Michail Viktorovich Norkin
Institute of Mathematics, Mechanics, and Computer Science named after of I.I. Vorovich
Research interests - interaction of solid bodies with liquid; cavitation; tasks of hydrodynamics of ideal liquid with free borders; the mixed tasks of mathematical physics and hydrodynamics. Most scientific papers devoted to the study of the problem of the separation of liquid particles from a solid surface by sharply unsteady interaction of solids with a liquid (impact, acceleration, braking). Effective analytical methods of the solution of flat and three-dimensional problems of hydrodynamic impact in the areas of a difficult geometric configuration are developed (both the continuous impact, and impact with a separation is studied). In particular, the direct asymptotic method based on the assumption that walls of the pool are removed from a floating body on long distances is offered. Application of a method of the nonlinear boundary integrated equations like Gammerstein to flat and spatial tasks of hydrodynamic impact with unknown a priori by areas of contact is this. The questions connected with cavitation (formation of cavities) at the initial stage of movement of a solid body in liquid are studied.
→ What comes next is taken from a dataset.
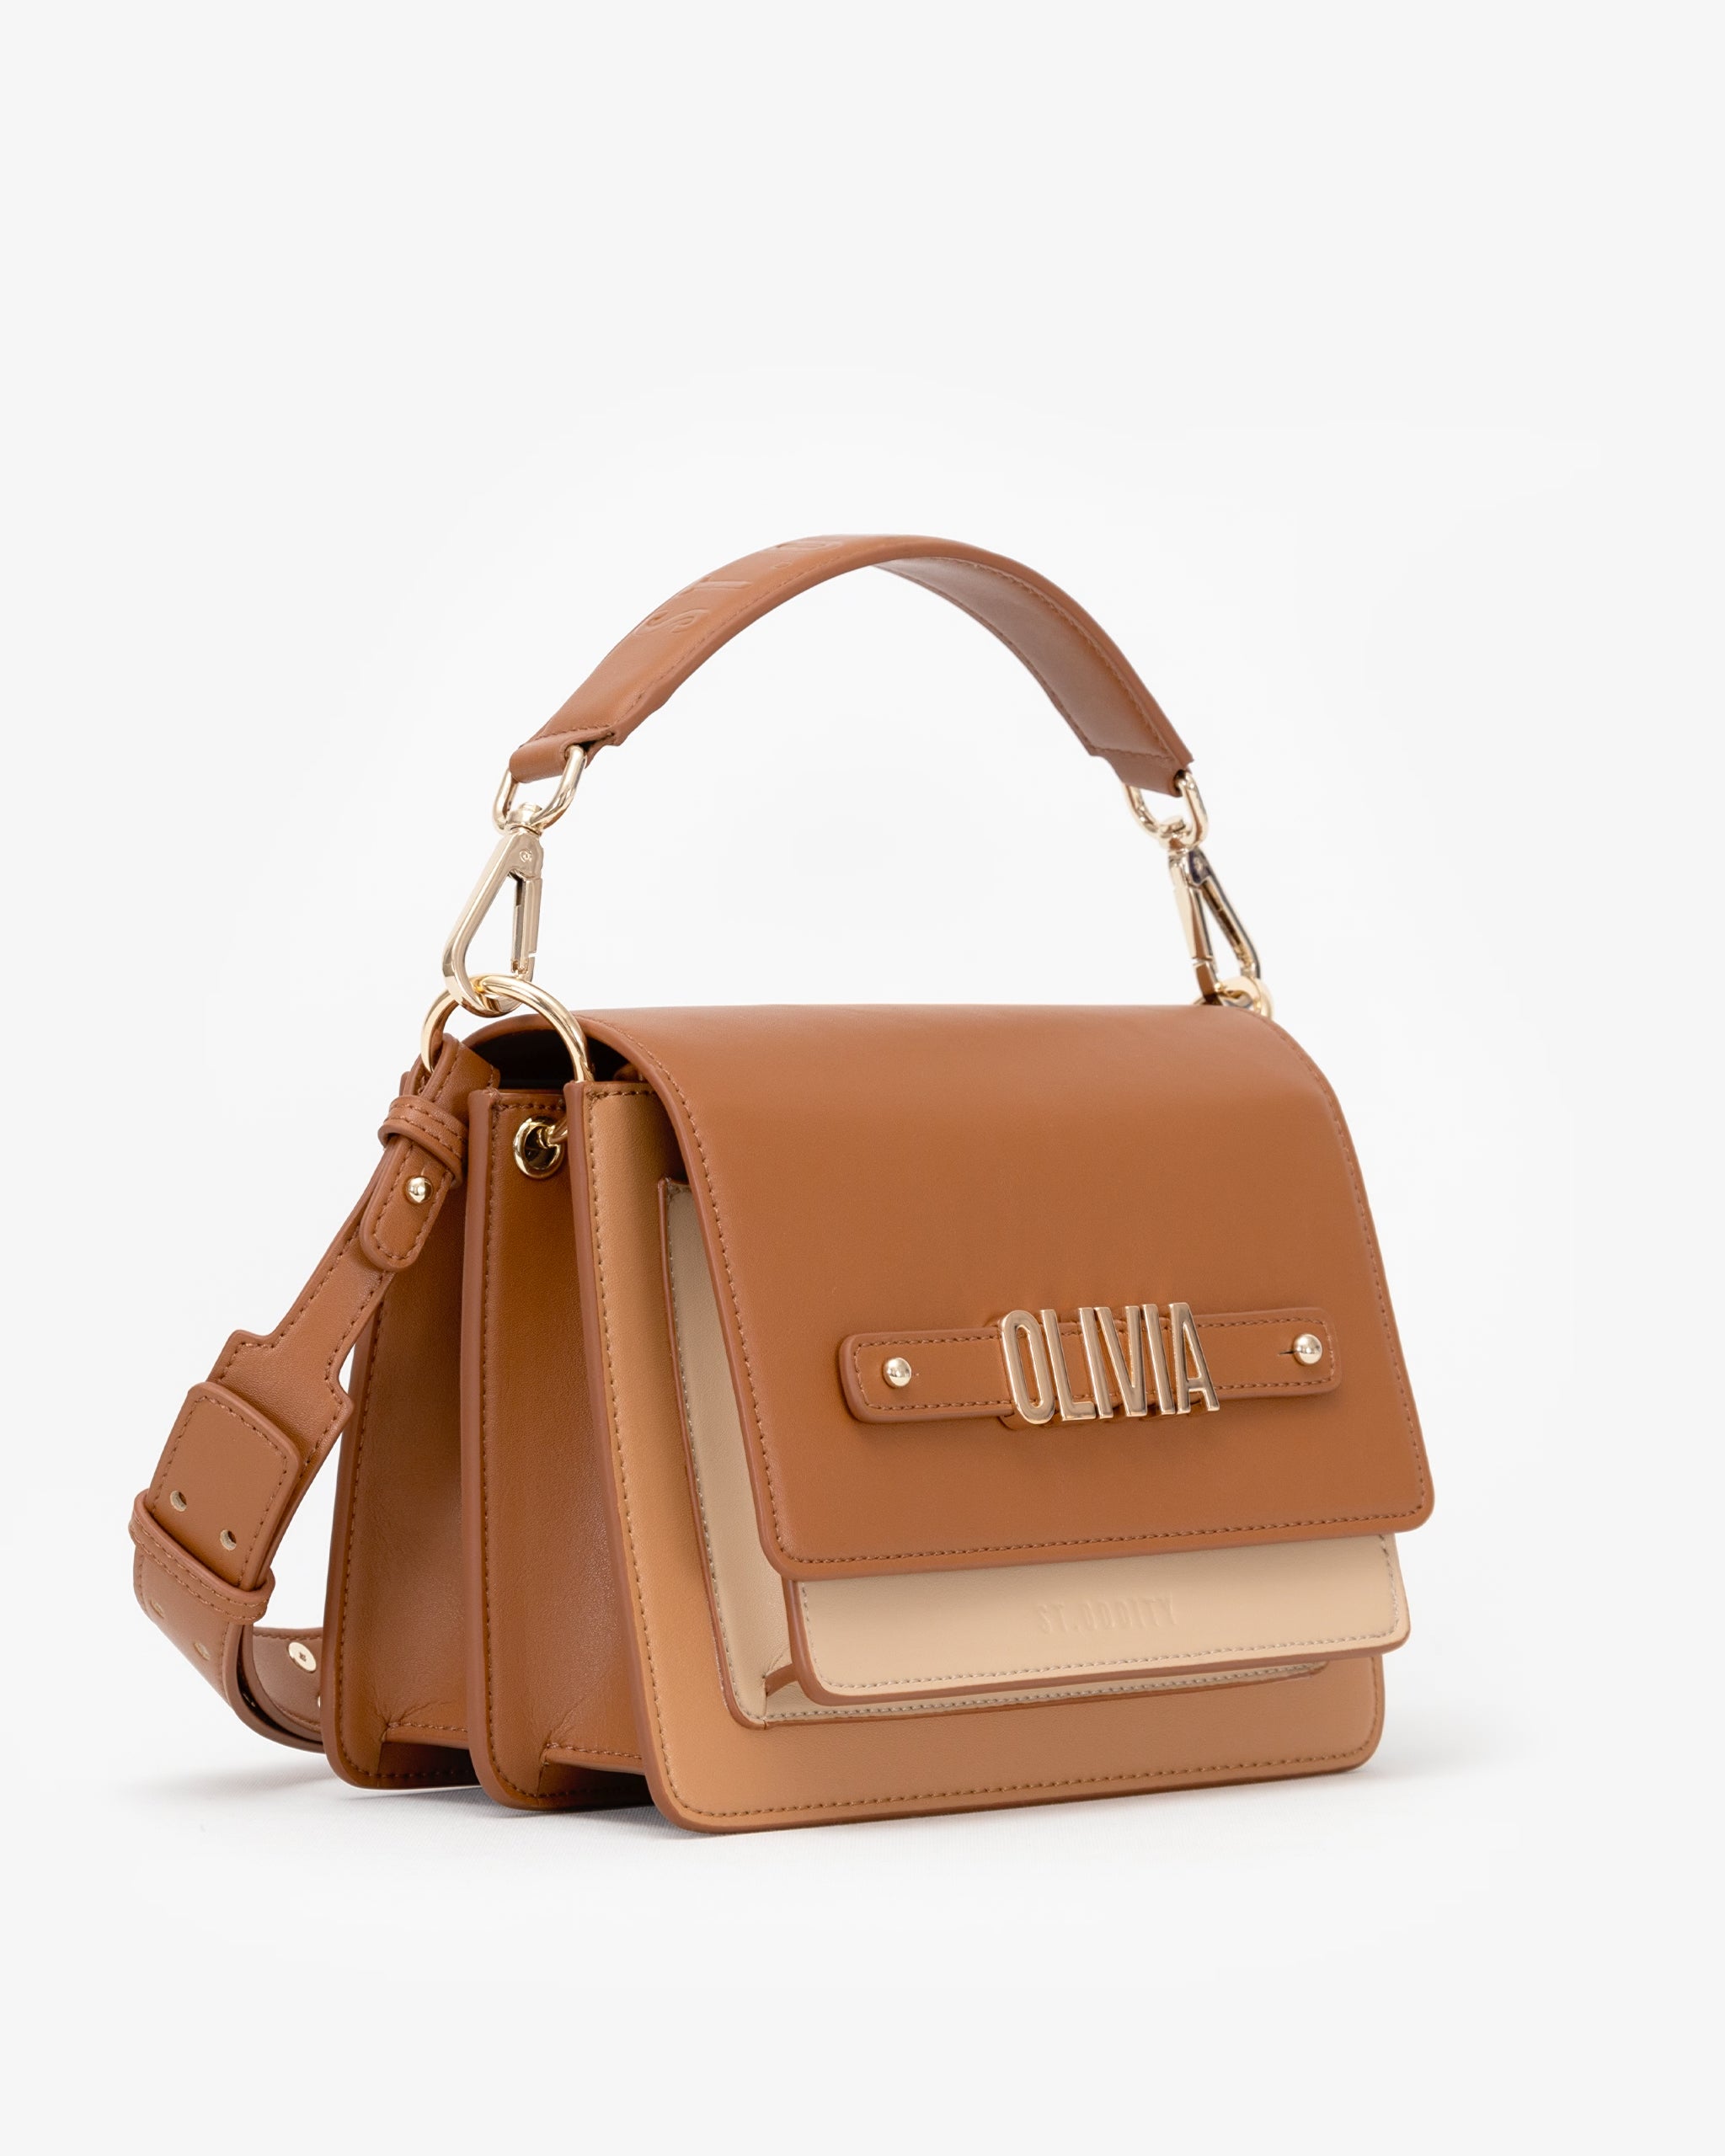 Pre-order (Mid-May): Shoulder Bag in Neutral Multi with Personalised Hardware

In a task about detachable impact of the circular cylinder under the free surface of heavy liquid regular asymptotic decisions on small times taking into account dynamics of points of a separation of internal free border of liquid are constructed. It is shown that along with the zone of a separation caused by impact there can be additional cavitational zones caused by the law of movement of the cylinder after impact and physical parameters of a task.